Everything for WarmAndFuzzy lives in a single monorepo, including a Serverless/AWS-based backend and API, React and ReactNative-based frontends, and C++ device firmware. (There's one tiny exception we'll discuss later.)

The ability to keep all changes in a single repo and not have to worry about coordinating commits and PRs across multiple repos, build definitions, etc. has been invaluable, considering that most of my PRs flow across package lines.

With technologies like React/ReactNative/Serverless in a streamlined monorepo, my engineering experience has been better than in any other environment I've worked in before, particularly when it comes to the speed of the inner loop (the time from saving in the editor to seeing the change built and running, generally a second or two) and the ease of cross-component updates.

There's a lot to complain about in the JavaScript-based development ecosystem but - given sufficient investment - the engineering system and experience is pretty rad.

Streamline all the things

Life gets a lot easier when things are consistent.

While it's wonderful that so many technologies (React, Serverless, ...) have starter projects to get you off the ground, regrettably none of them are consistent with one another. It makes because, truly, why would or should they be - there are so many choices out there and many of them are pretty good (except plain JavaScript without TypeScript or Flow - never do that), but it does mean that a lot of gardening needs to take place.

The following is what I found useful:

  • All code is managed through as an npm (or rather package.json) package, regardless of whether it's actually JavaScript or not (so even the C++ firmware code).
  • All code uses its package's npm lifecycle[^1] scripts to build and deploy.
  • All packages are managed through lerna.
    • Packages depend on each other as relative/local packages (rehydrated via lerna bootstrap) so there's no package registry to maintain.
  • The lifecycle scripts in all packages are named consistently.
  • All packages share a top-level tsconfig.common.json and technology-specific adjustments per package are kept to a minimum.
  • All packages share a top-level .eslintrc.js and there are no package-specific adjustments.
  • prettier and various eslint rules are used for all formatting and there are no package-specific adjustments.
    • There's a format-fixes meta-package whose job it is to run prettier on everything above the packages directory, e.g. the top-level README.md, CircleCI files, etc.
  • All paths have consistent naming so having a single top-level .gitignore is a lot easier to maintain.
    • generated for generated files that are used as build inputs,
    • build for build outputs, etc.

I'm not using husky pre-commit hooks in this repo (it just feels a tad slow on commits) though I do use them in other projects; linting at least is enforced in CI. Using husky would be better on paper but I hate having to make everything lint perfectly for each commit so it would really just cause me to make fewer commits with more steps in them, and that's not good for anyone.

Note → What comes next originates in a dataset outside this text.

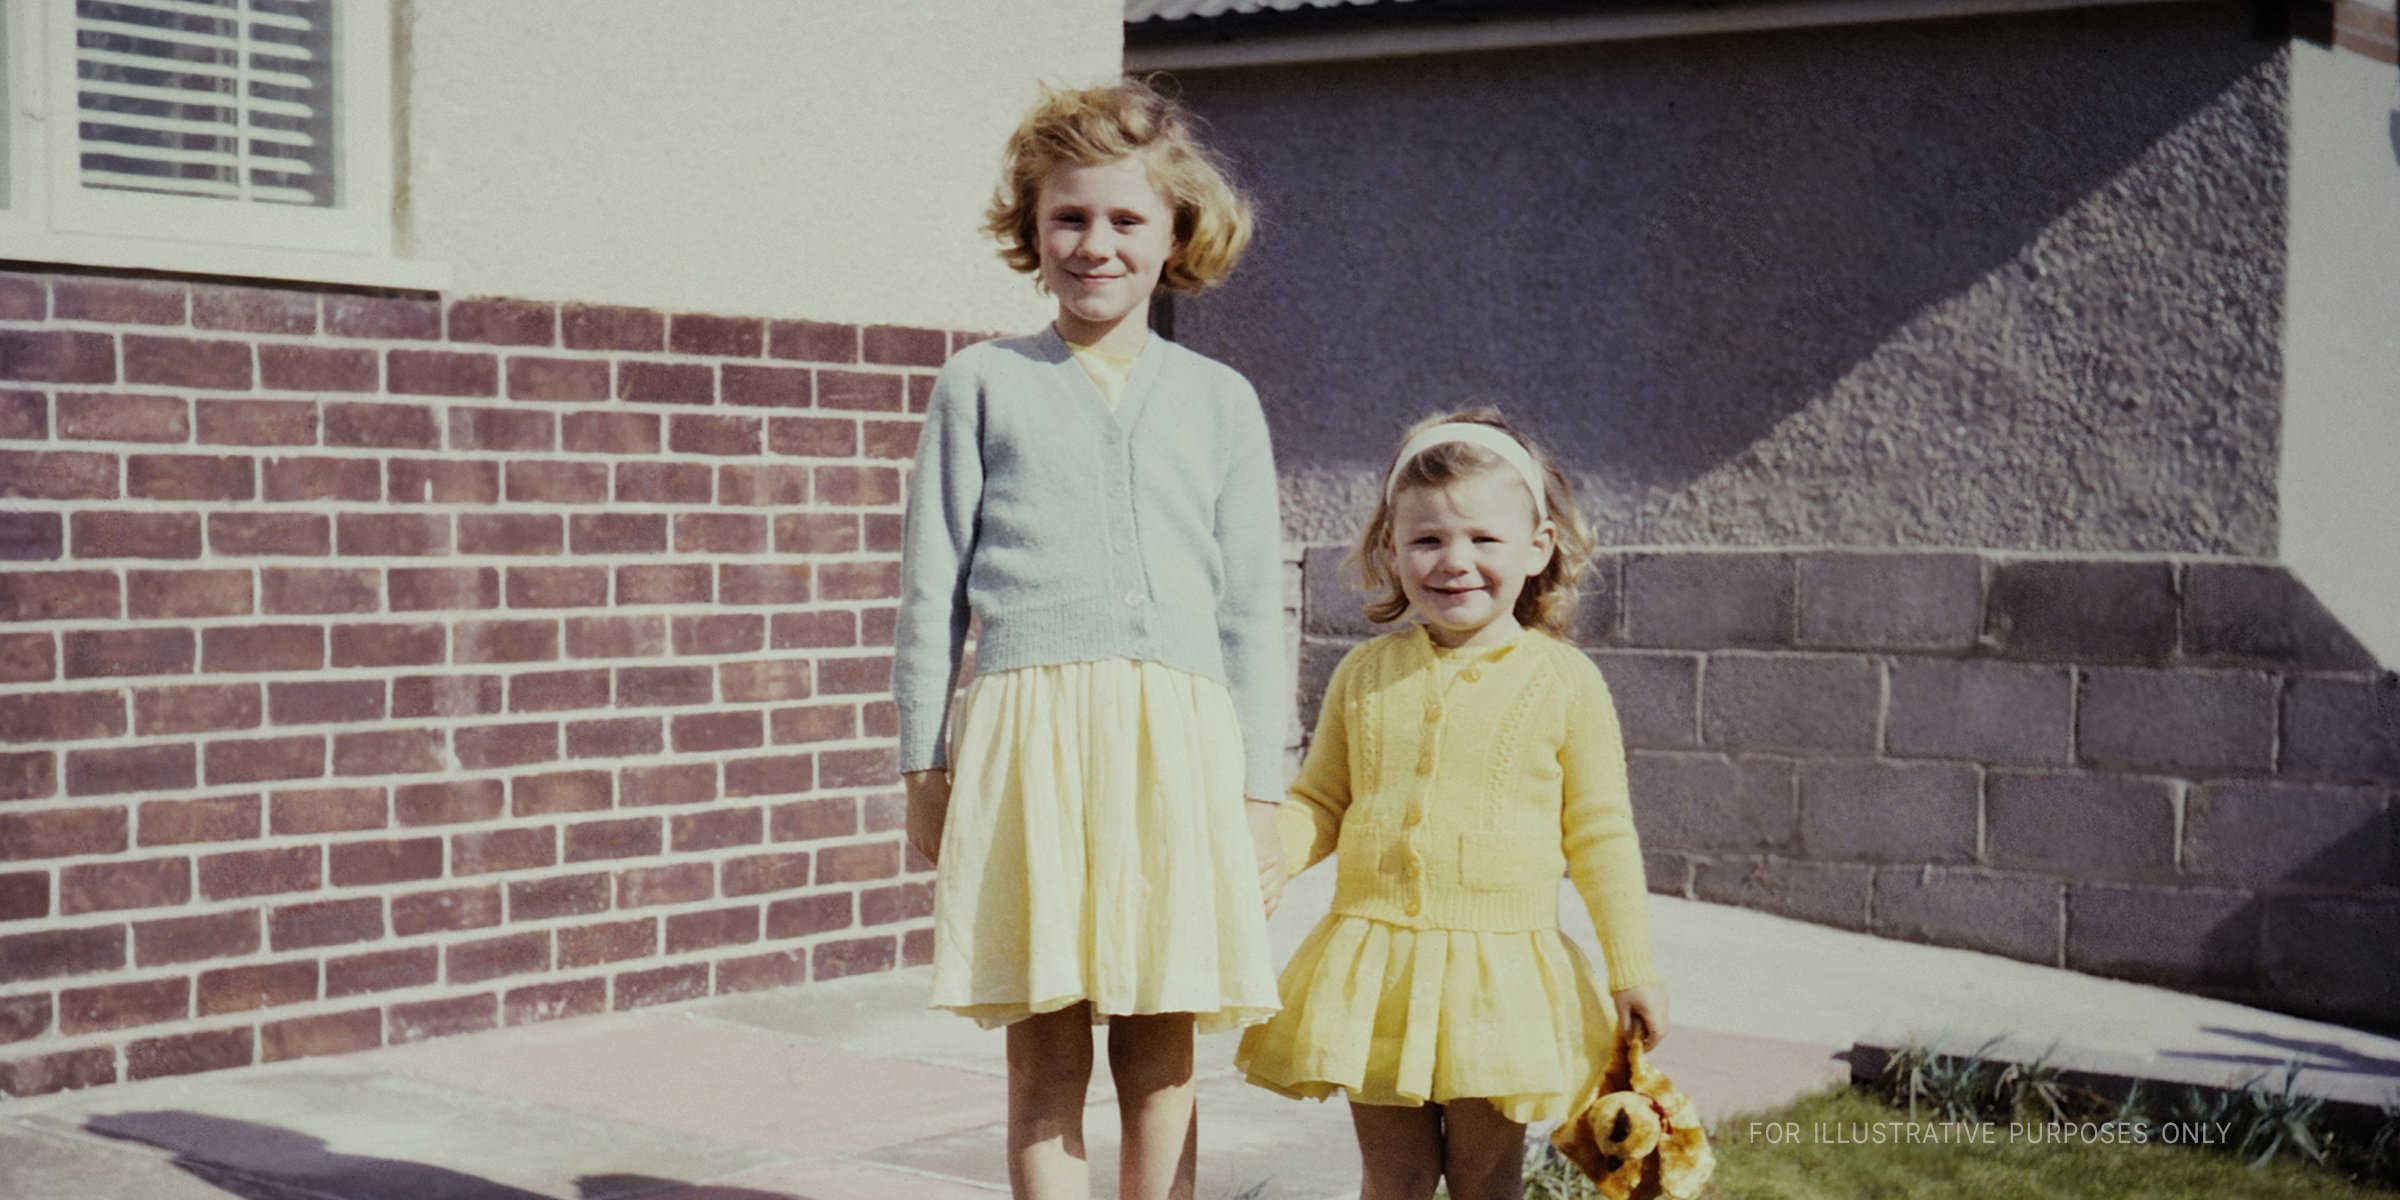 Two Girls Smiling While Posing For A Photo. | Source: Getty Images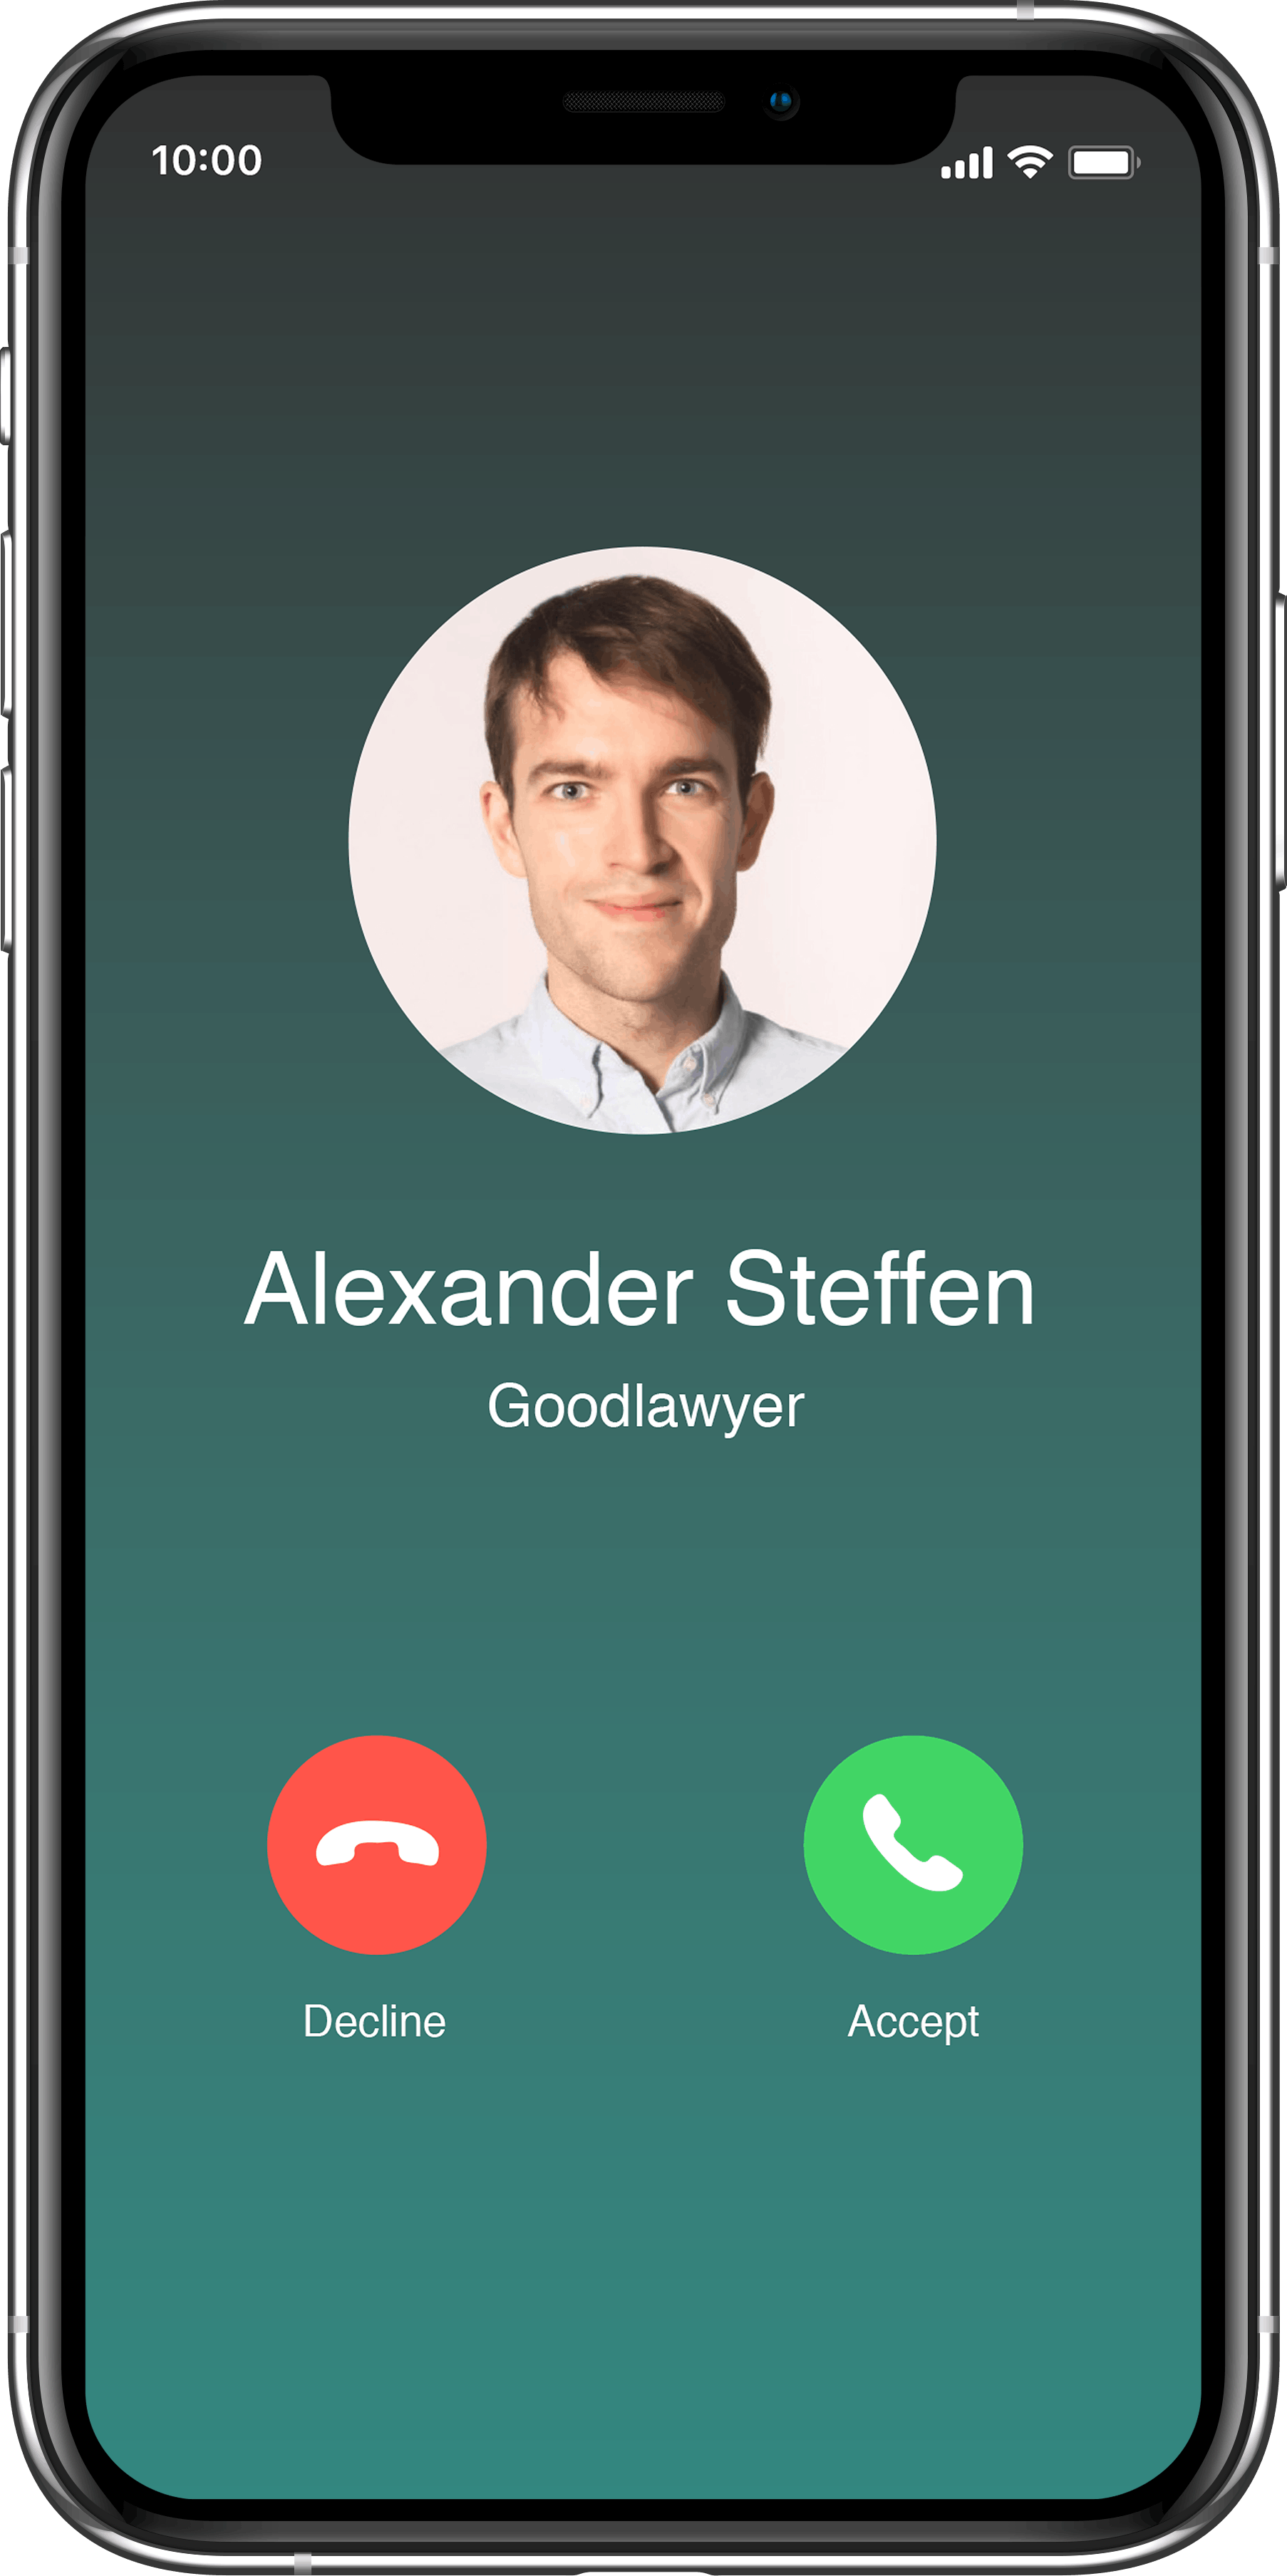 Connect with your trademark lawyer over the phone

Managing lerna-based packages can be a bit extra when it comes to updating packages and re-linking them. When in doubt, run lerna bootstrap. When still in doubt, do what everyone else in the JavaScript yoloverse does and run lerna clean to nuke node_modules. What a waste. More helpful notes to myself are in my README.md.

Build all the things

I chose circleci.com as my cloud-hosted CI system over Travis at a time when rumor had it that Travis was maybe getting a bit abandoned. It's worked out fine -- it's amazing what you get to do on a free plan.

A brief interlude to bitch about YAML

CircleCI's setup is defined in YAML. If you want a data definition language that doesn't allow for (or requires) code execution (e.g. JavaScript), YAML is a better choice than JSON because at least you get to write comments. (If you were going to suggest XML, kindly don't.)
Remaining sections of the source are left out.